# 3/8" drywall question



## Draftsman69 (Jul 31, 2012)

I'm new here so I'm combining my introduction with a question. I bought an old house that has tongue and groove boards on both sides of every wall in the house. Would 3/8" sheetrock screw down smoothly or would it sort of transfer the texture of the wood beneath it like 1/4"? The tongue and groove stuff is in good shape, but in some places one board's edge may stick up higher than the next. Not much, but I don't want to start installing it and look back and hate what I see.


----------



## DannyT (Mar 23, 2011)

wouldn't this be the time to remove all the tongue and groove and maybe update the insulation and maybe electric while the walls are open? you can drywall over it if you want. just remember that wood expands and contracts with temp and humidity changes and probably not at the same rate as drywall does. but it's your house and if you want to leave it for the next owner it's up to you. i would do it right.


----------



## joecaption (Nov 30, 2011)

If that's a concern then why not just use 1/2" instead of 3/8"?
If you use drywall adhesive you can use far less screws that may pull the drywall so tight the flaws may still come through.
I apply the glue to the drywall in a rectangle 2" from the edges then form a big lazy S in the middle. When the drywall hits the wall I roll over the whole sheet with a hand floor roller to spread out the glue then screw it in place.
Do not install it tight to the floor, lift it up about 1/2" off the floor.


----------



## Draftsman69 (Jul 31, 2012)

No we paid to have an independent building inspector look it over and all that is fine. Besides we live on the Gulf Coast and the tongue and groove solid decking on all the walls really adds a lot of rigidity to the house. It was built in the late forties and has survived all the hurricanes since then. It just need to know if the 3/8" s/r will look good. I've always installed 1/2" and thicker. I have no experience with lesser thicknesses.


----------



## Draftsman69 (Jul 31, 2012)

joecaption said:


> If that's a concern then why not just use 1/2" instead of 3/8"?
> If you use drywall adhesive you can use far less screws that may pull the drywall so tight the flaws may still come through.
> I apply the glue to the drywall in a rectangle 2" from the edges then form a big lazy S in the middle. When the drywall hits the wall I roll over the whole sheet with a hand floor roller to spread out the glue then screw it in place.
> Do not install it tight to the floor, lift it up about 1/2" off the floor.
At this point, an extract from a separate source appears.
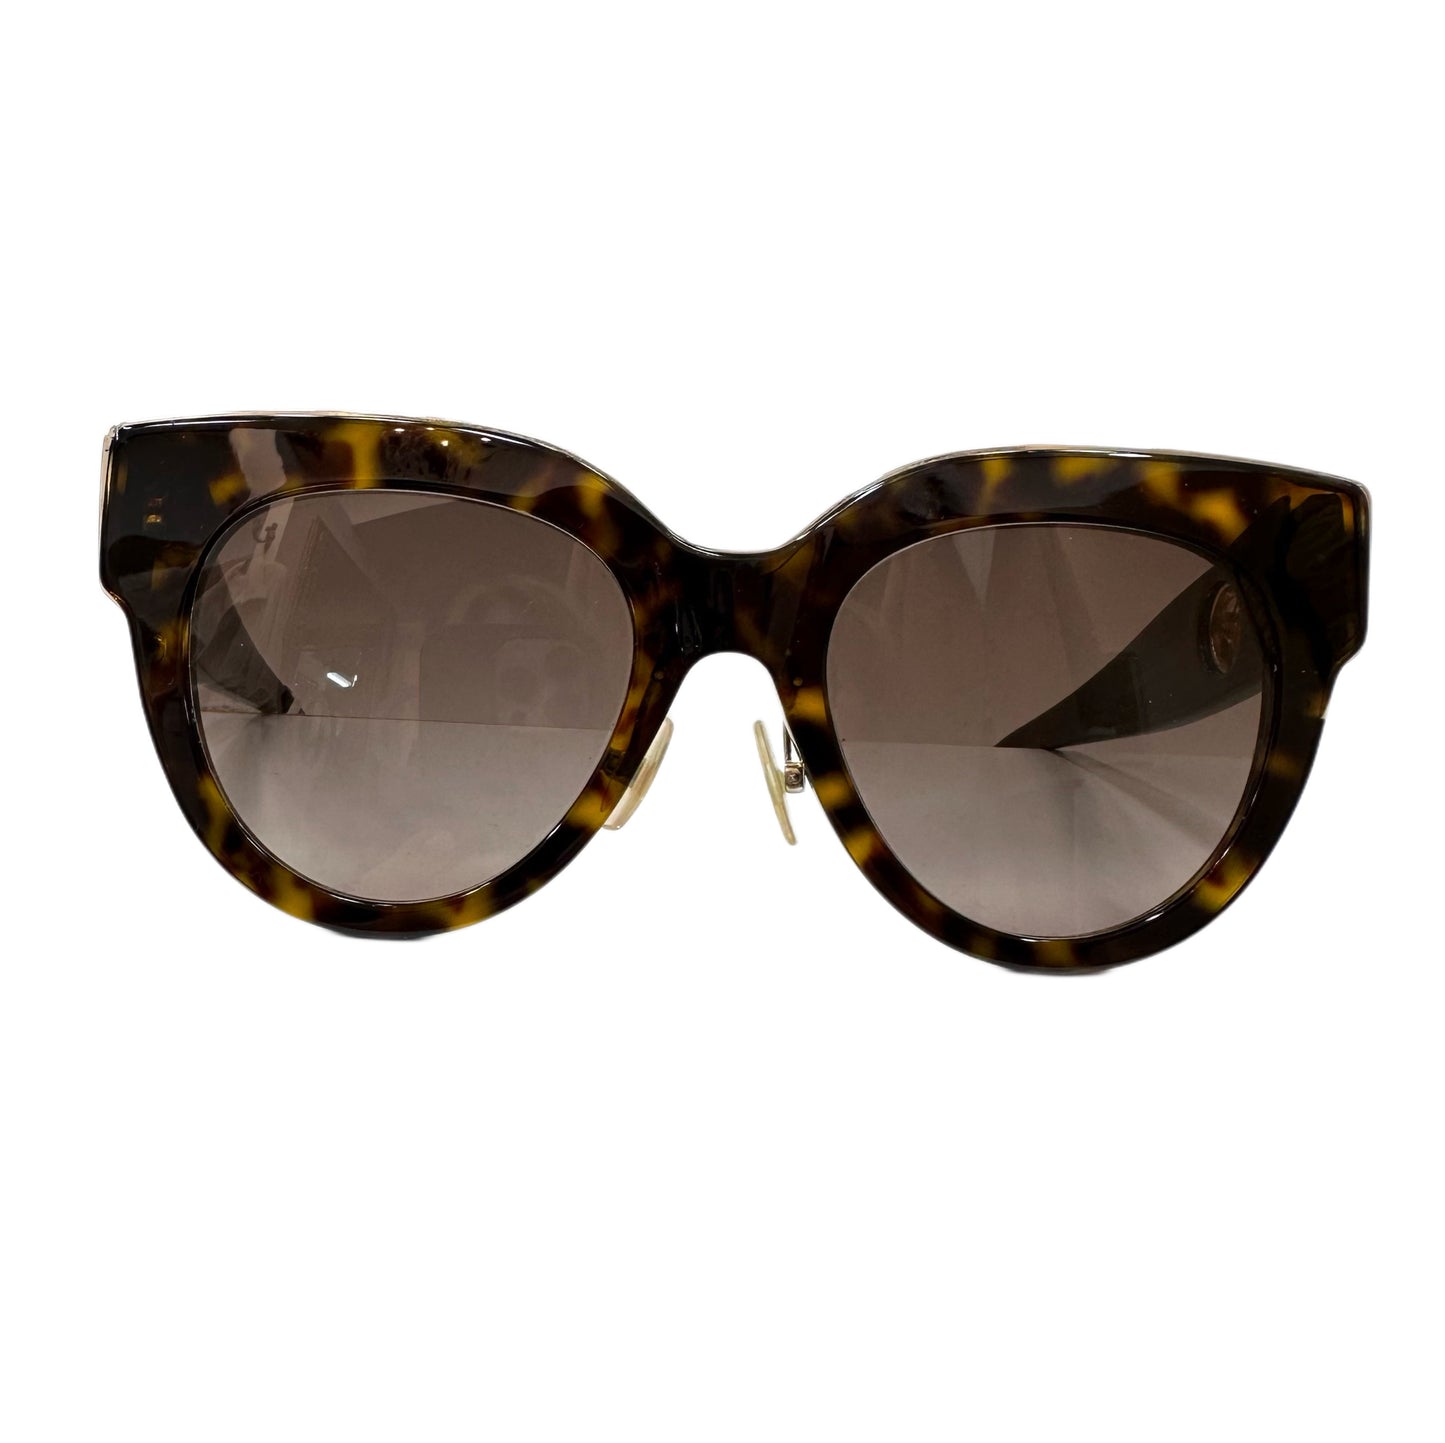 FENDI Tortoiseshell Sunglasses

 Thanks I will try that. Much appreciated.


----------



## tony.g (Apr 15, 2012)

Draftsman69 said:


> I bought an old house that has tongue and groove boards on both sides of every wall in the house.


If that was my house, I'd leave the t&g boards exposed; plenty of character.


----------



## Draftsman69 (Jul 31, 2012)

tony.g said:


> If that was my house, I'd leave the t&g boards exposed; plenty of character.


I sort of like it too, but my wife wants it to look more formal. If she's happy, I'm happy. Besides I have a really nice guy's den/football room at the back of the house just off the kitchen, so I got mine as well.

Thanks anyway!


----------



## tony.g (Apr 15, 2012)

Draftsman69 said:


> If she's happy, I'm happy.


that's some of the best advice i've seen on this forum!


----------



## woody4249 (May 4, 2012)

tony.g said:


> that's some of the best advice i've seen on this forum!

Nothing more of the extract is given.